“Everybody loves the sound of a train in the distance; everybody thinks it’s true.” (Paul Simon – Train in the Distance)
The whistle calls, “We’re on our way, we’re leaving you behind.” The roar of the wheels on the rails comes closer, louder, more urgent, and then fades away, promising new places, new romance.
I love trains. When I was at boarding school in Andover, Massachusetts, I took two trains home to Ann Arbor – Boston to Albany, Albany to Detroit. It was Christmas, and the Boston train was filled with kids going home from prep schools and colleges. We took over the club car with our guitars, pocket flasks, and bags of sandwiches and cake. From Boston to Albany it was the great traveling Honey Hunt.
At Abbot Academy in the sixties there wasn’t a lot of boyfriend activity. Twice a week we could walk in pairs to town, so if we weren’t too scared of getting caught we could meet a local boyfriend. On Sunday afternoons after church we could have a caller in the parlor. At dances with boys’ prep schools we could pair up with a boyfriend if we had one, or we could love the one we were with. “Love” meant dancing as close as we could get away with, or sneaking off to make out behind the bushes.
So sex was hard to find. Of course there must have been lesbians, but I was never aware of them. Though a few of the teachers were long-time housemates, lesbian love seemed so exotic and unreal. Surely these dowdy spinsters weren’t involved. The teachers were in the same category as parents and other impossibly old people: we shielded our minds from any thoughts of their sex lives.
At the same time, we were obsessed with sex and romance. I had barely been kissed, but I was a virgin with aspirations – the only girl in the tenth grade dorm who admitted she wanted to get laid, the expert in sex who told the others everything I had learned (from books) about free love.

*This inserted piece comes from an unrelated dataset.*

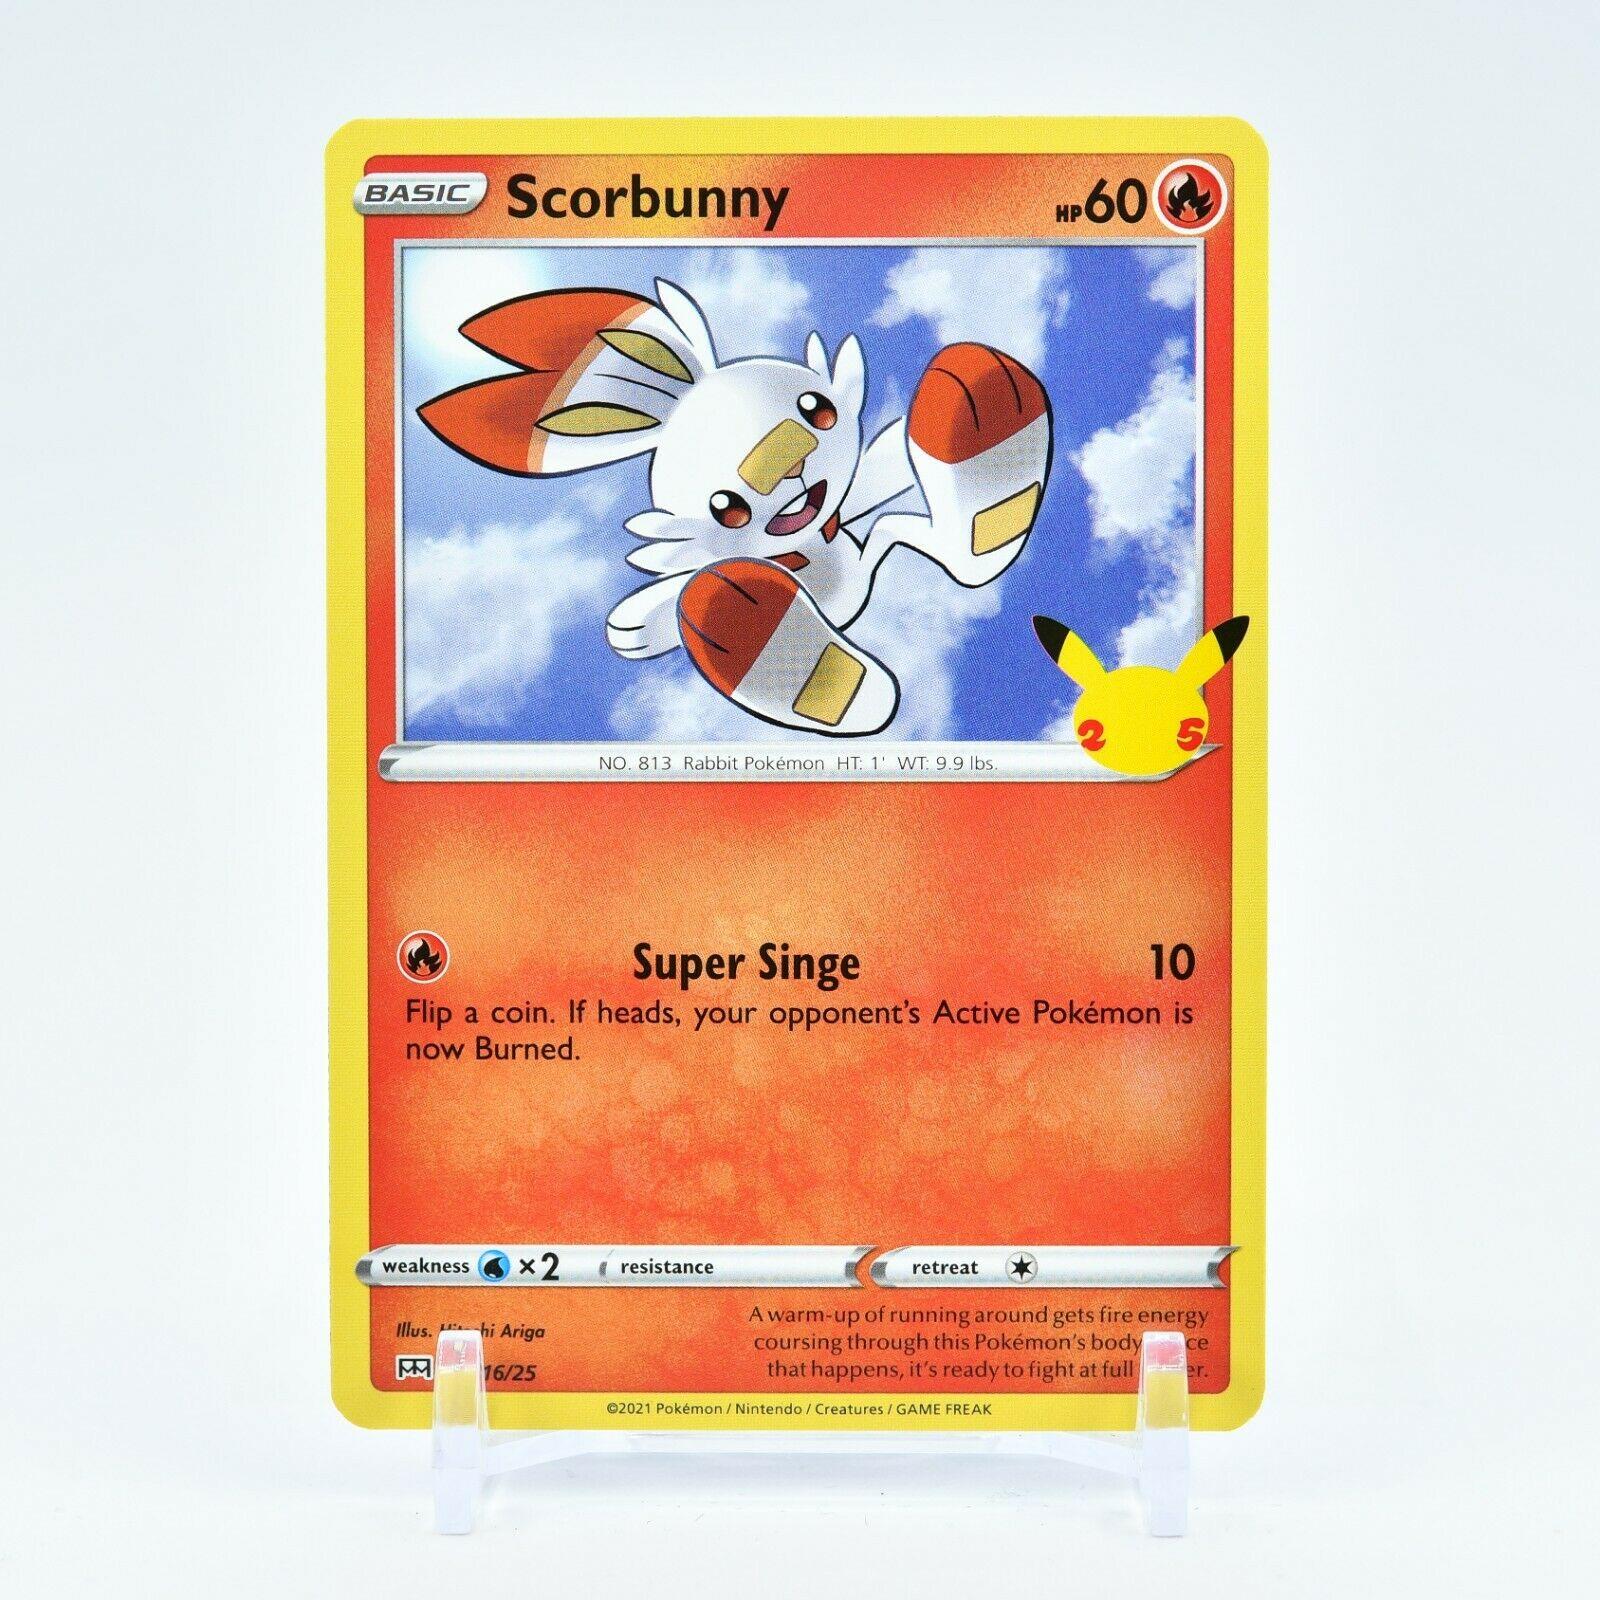 Scorbunny - 16/25 Mcdonald's Promo 25th Anniversary Starter Pokemon - NM/MINT

I had two boyfriends: Charles, a lanky senior at a progressive prep school in Vermont, and Toby, a pudgy Harvard sophomore. Until we moved from Cambridge to Ann Arbor I could see them on holidays – Charles and I went to a street dance in Boston, Toby took me to a night club. But in boarding school the point of a boyfriend was letters – after lunch we crowded around the mail slots hoping for something other than a letter from our mother. Both Charles and Toby obliged.
With a love affair that was essentially epistolary, we could have as many boyfriends as we wanted, or could get. So I sat in the club car on the train from Boston, singing harmony and hoping for romance.
Jamie McPherson* went to Groton. He was suave and preppy, with tousled hair and soulful eyes.
When we learned that we were both going on to Detroit, we were a natural pair. He was joining a friend for the two hour layover in Albany; so we agreed we’d find each other in the club car on the Detroit train.
Union Station in Albany was like a smaller Grand Central: vaulted ceiling, crowds of strangers. No one knew me – I could be whoever I wanted. I loved to try on characters and lives. Once in a restaurant I pretended I was a French student and spoke no English. On a plane I presented myself as a thirty-year-old mother of three; this struck me as glamorous. It was modeled on my sister-in-law Esther, whom I adored.
I bought a ticket for a couchette for $11 and then wandered around with an ice cream cone, people-watching. When no one spoke to me and gave me a chance for role play, I sat in the waiting room with my novel, happy to know I had a date for the night train.
ALBANY UNION STATION
Jamie and I found each other, and went on to the dining car. White tablecloths, stemmed glasses, flowers, and the black night with flashes of light. The waiter was smiling and benevolent, but we didn’t have the nerve to order a drink. Though I wanted a steak, I had a salad. If Jamie saw how I liked to eat, he might think I was fat. Coffee was sophisticated so we ordered two demitasses, but barely drank it, and then made our way through the swaying cars to my couchette.
The couchette was a child’s delight. The seat unfolded into a narrow bed under a big window; the sink unhooked from the wall to cover the toilet. The sleeping car porter had unfolded and made up the bed. We explored all the cunning devices, and then lay on top of the blanket and began to explore each other.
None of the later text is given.